¿CUÁNTOS JUSTOS HAY SIN JESÚS?
Lucas 5:32- No he venido a llamar a justos, sino a pecadores al arrepentimiento.
Los escribas (estos se ocupaban de la
escritura de documentos importantes, eran los eruditos que se ocupaban de
servicios secretarios) y fariseos (estos se encargaban de representar a la
nación, conocían las leyes y se encargaban de instruir. Eran un movimiento
social y religioso) tienen un encuentro con Jesús, el Mesías.
Resulta interesante que los fariseos (un
movimiento separatista y sectario judío) se presentan ante Jesús, juntamente
con los escribas (los escribas no sólo eran responsables como “rabíes” de
las aplicaciones teóricas de la ley y de la enseñanza de ésta, sino que también
poseían autoridad jurídica para dictar sentencias en tribunales de justicia). No
con un celo santo, empero, con su hipocresía, fingidores de una moral que no poseían,
eran simples religiosos. Este grupo le pregunta al Redentor, ¿por qué coméis y
bebéis con publicanos (cobrador de impuestos) y pecadores?

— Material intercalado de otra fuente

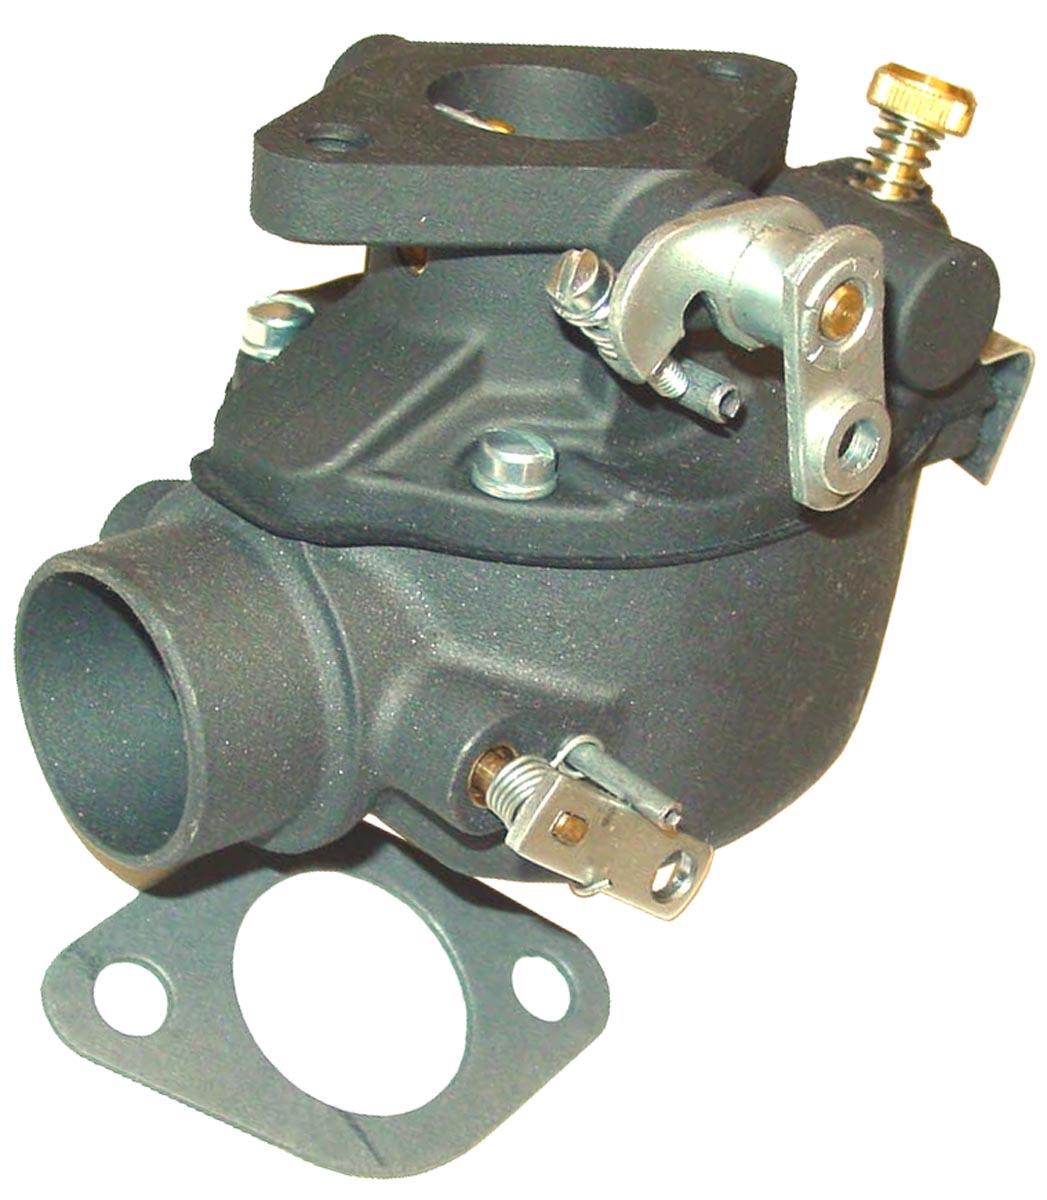 Marvel Schebler Carburetor

La respuesta del Salvador es
impactante: Los que están sanos no tienen necesidad de médico, sino los
enfermos (Lucas 5:31).
El mensaje que les comunicó, la enseñanza
del Maestro es: si consideran aun a pesar de su condición (depravados,
blasfemos, codiciosos, promiscuos, adoradores de fama y fortuna) que no
requieren un cambio, no necesitan la atención espiritual, no requieren de un
cambio de dirección. Si en su pensar o falsa aceptación de su condición pueden justificar
su circunstancia, entonces no aceptarán el ser rescatados o atendidos de ese
estado que los ha de consumir.
Sólo para aquel que reconoce su estado,
admite que hay una enfermedad que tiene que ser atendido antes que incremente a
tal escala que ya no se podrá controlar y finalizará el alma y vida de aquel
que ha podido poblar.
Si ustedes creen que no tienen necesidad
de un Redentor, del que fue dado por el Padre, su único Hijo para que todo el
que en Él crea no se pierda (Juan 3:16), entonces jamás se sanarán. Porque no hay
otro medio provisto para poder atender esa condición del pecado que destruye y continuará
destruyendo sin la intervención del Cordero de Dios que quita el pecado del
mundo (Juan 1:29).
Es que hasta que el hombre no esté
dispuesto a reconocer su condición, la realidad de aquello lo mantiene
subyugado, esclavizado al mal, entonces nunca aceptará la salida de aquella prisión
el cual se ha impuesto.
Los escribas y fariseos están frente a
Jesús, frente al que puede brindarles todo cuanto necesitan y más (que
increíble oportunidad), pero, son estos los que creen que Jesús está frente a
ellos, que el Señor tiene que esclarecer y corregir su errada posición de estar
relacionándose con indignos. La retórica sería, ¿quién es digno de estar con el
Señor? Si halla alguno a través de sus propios méritos, usted está engañado.
Todo hombre en todo lugar sin Jesús ha
estado y está muerto espiritualmente, y en camino a muerte eterna. ¿Por qué? Porque
sin el Mesías ese es el pago de la transgresión o la falta cometida contra un
Dios santo, santo, santo.
Jesús es el único doctor que puede sanar
el mal creado por el pecado:
·
Romanos
6:23- Porque la paga del pecado es muerte, más la dádiva de Dios es
vida eterna en Cristo Jesús Señor nuestro.
·
Isaías 53:6- Todos nosotros nos descarriamos como
ovejas, cada cual se apartó por su camino; más
Jehová cargó en él (Jesús) el pecado de todos nosotros.
·
Hechos 4:12 Y en ningún otro hay
salvación; porque no hay otro nombre bajo el cielo, dado a los hombres, en
que podamos ser salvos.
¿Quién
es el único medio para la sanidad espiritual? Ningún otro excepto Jesús.
El
problema en la vida del hombre es creer que es justo, que su proceder sin el
Cristo está en la medida de aceptación ante Dios, posible sea por todos sus
actos de bien que ha tratado de hacer bajo su propia métrica, recibiendo o
haciéndolo para elogios del mundo. Entre tanto su relación y condición espiritual
sin Jesús, está y siempre estará sin esperanza.